▶ _What to produce_
In the listing below, find the line containing "Australasian gannet in" and the line containing "Ann Demeulemeester black", then copy exactly everything from the first through the second, except the pictures.

▶ _Record set_

-- Opening Marker --

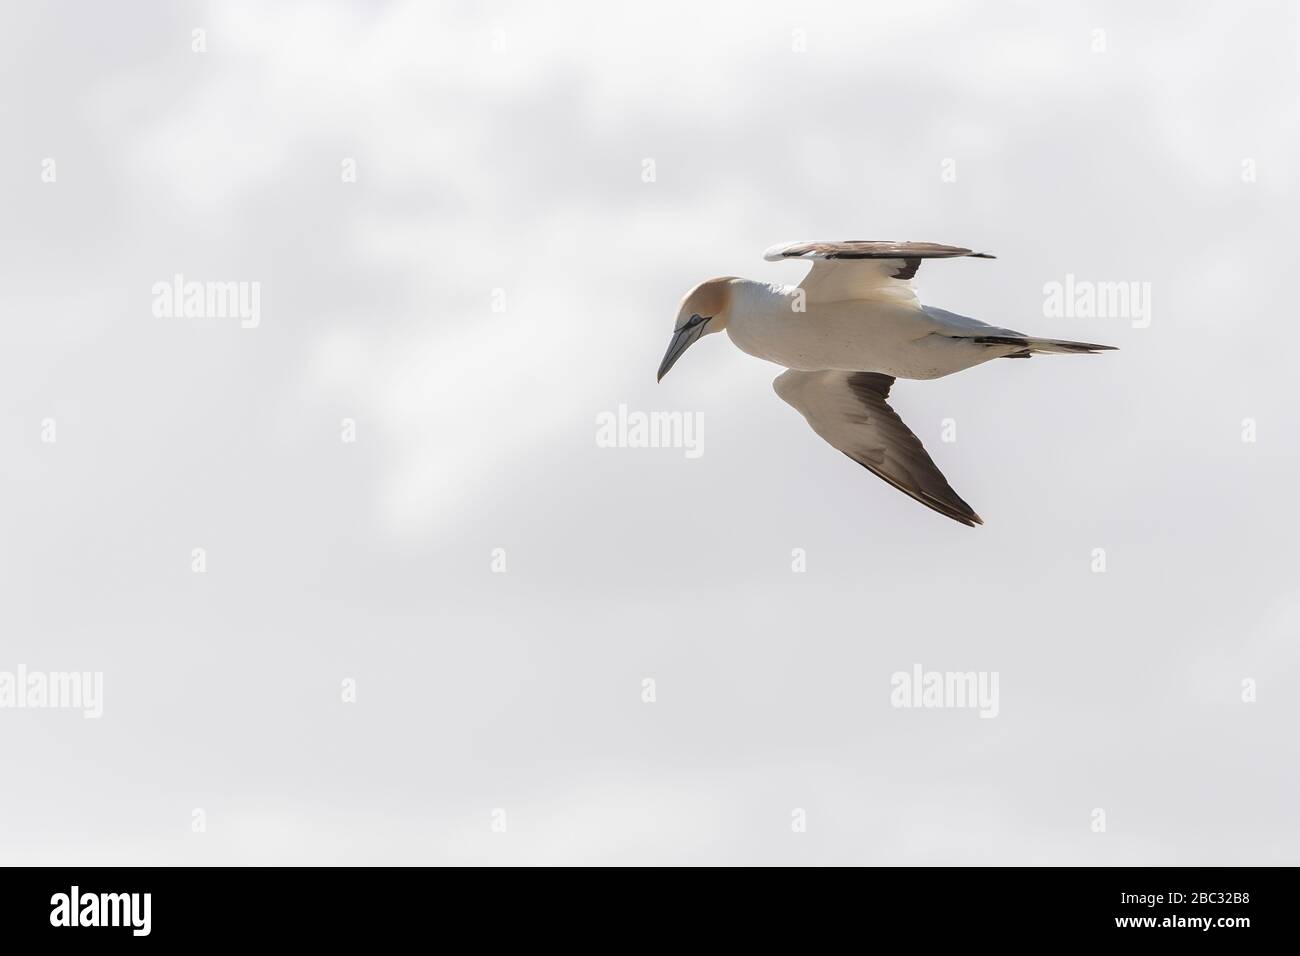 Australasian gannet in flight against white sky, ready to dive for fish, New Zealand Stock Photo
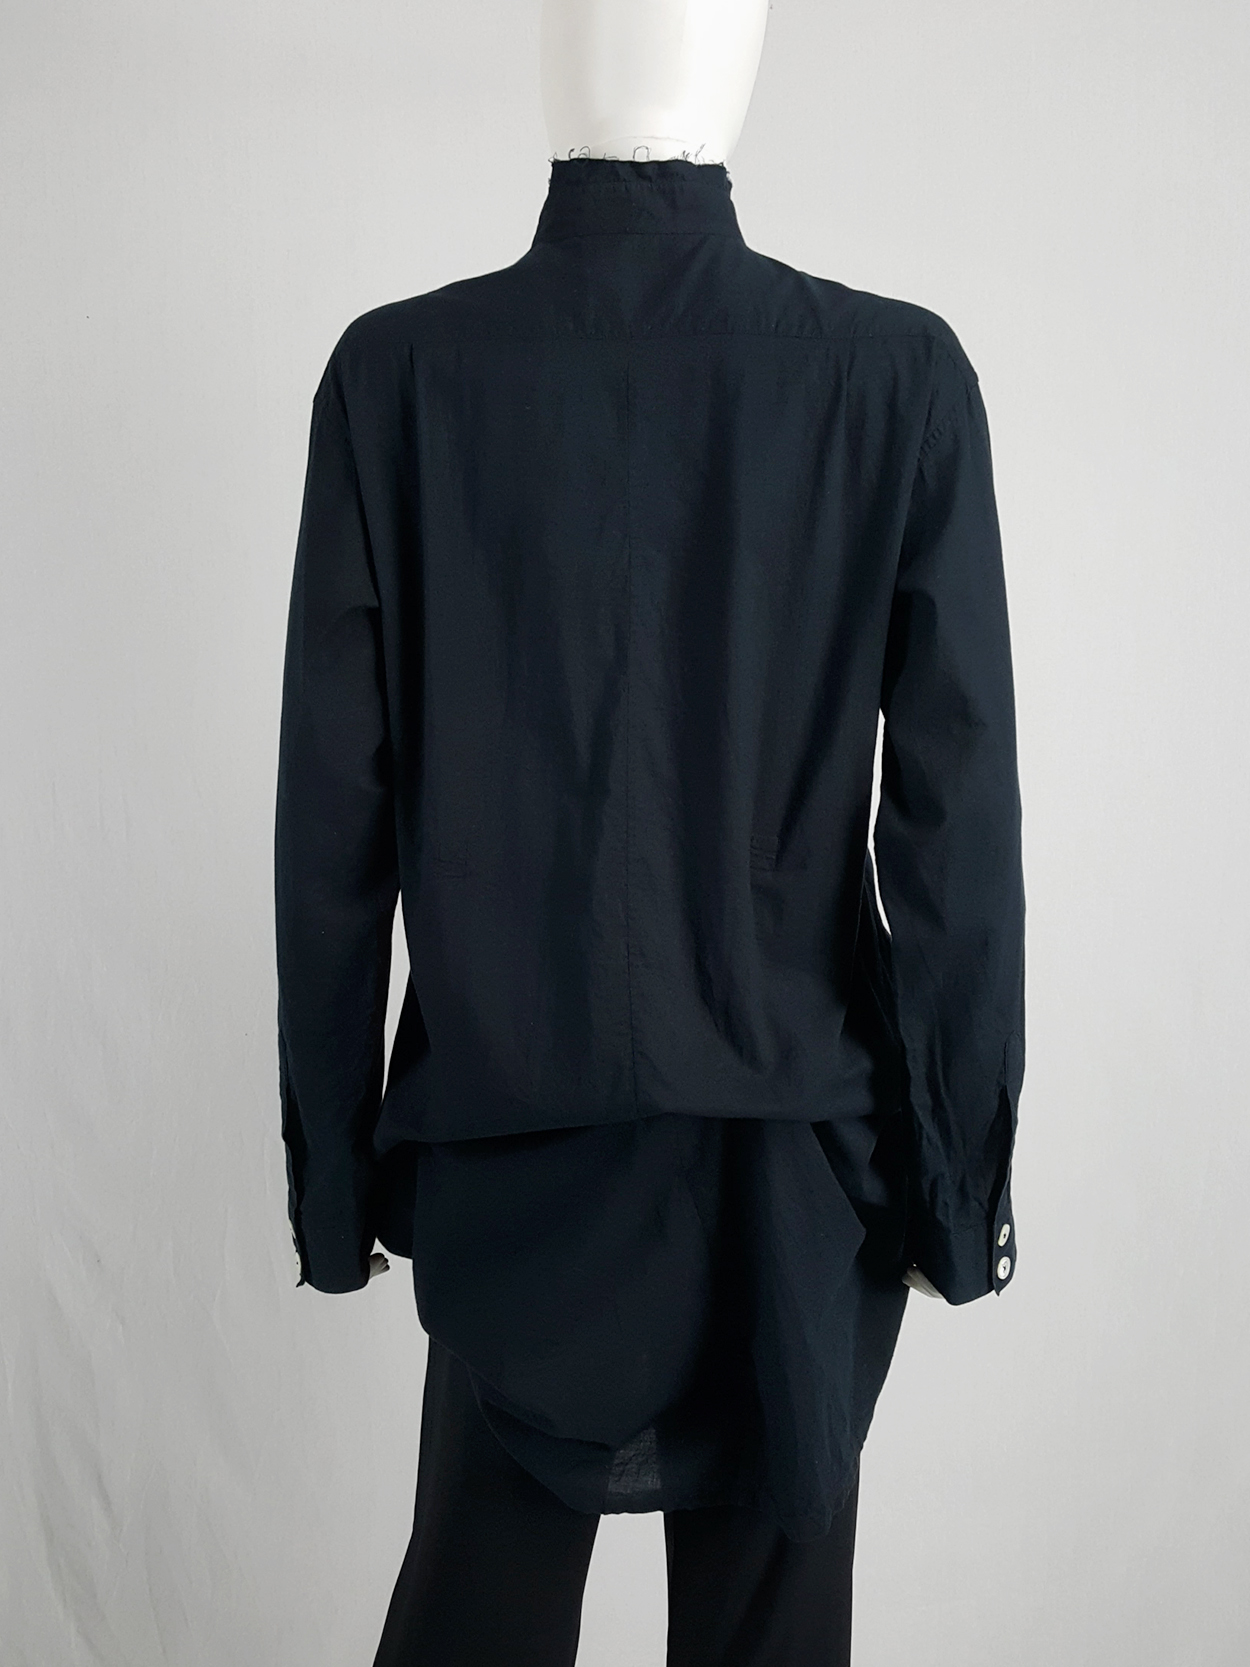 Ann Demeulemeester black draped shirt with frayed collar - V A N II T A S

-- Closing Marker --
-- Opening Marker --

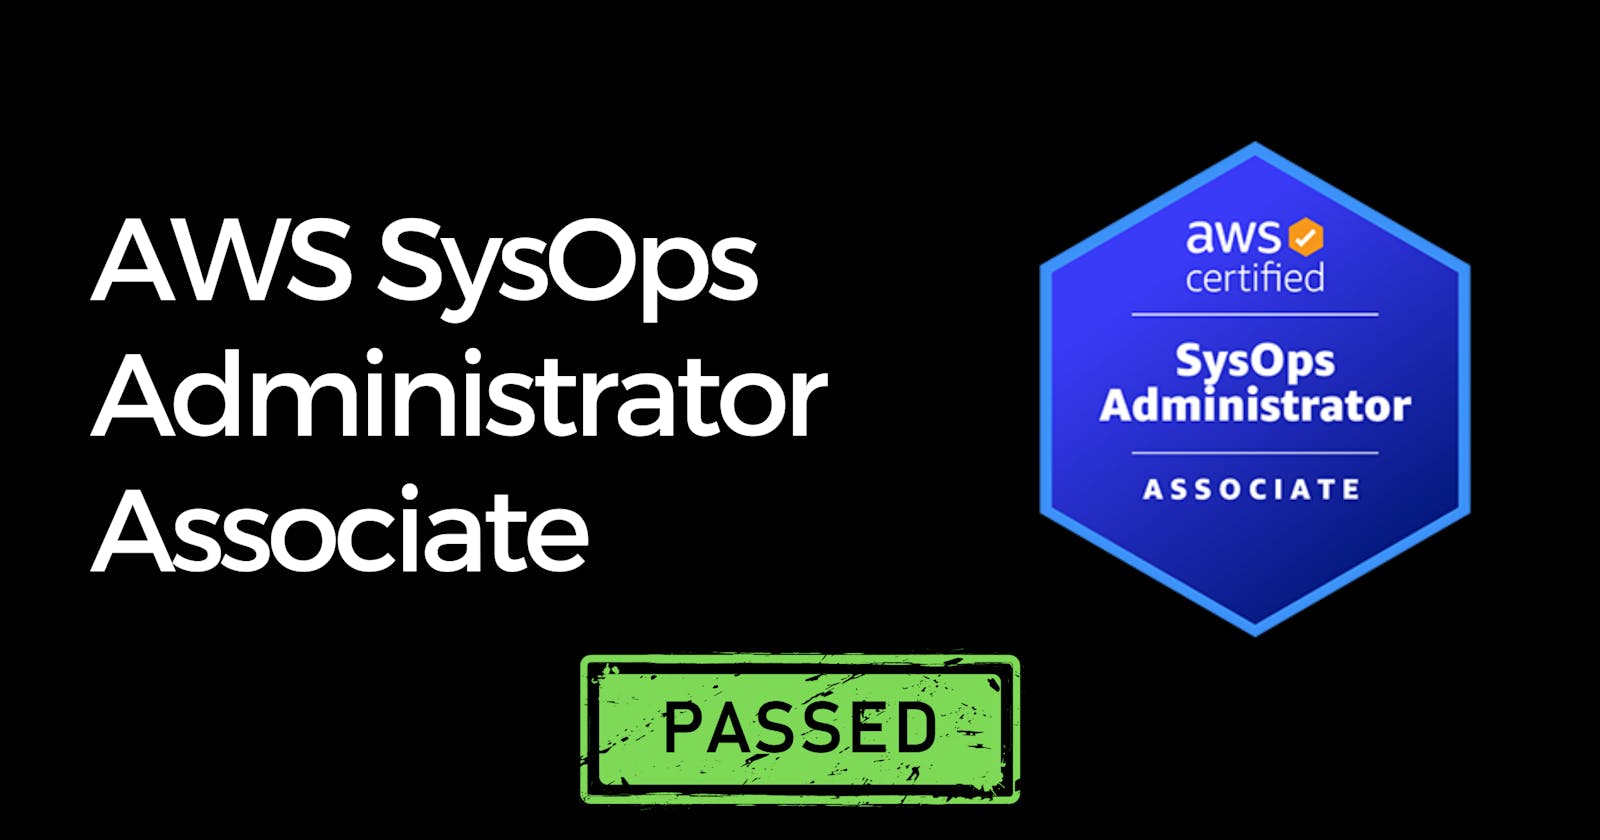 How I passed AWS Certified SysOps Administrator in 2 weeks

-- Closing Marker --

▶ _Task response_
 Australasian gannet in flight against white sky, ready to dive for fish, New Zealand Stock Photo
 Ann Demeulemeester black draped shirt with frayed collar - V A N II T A S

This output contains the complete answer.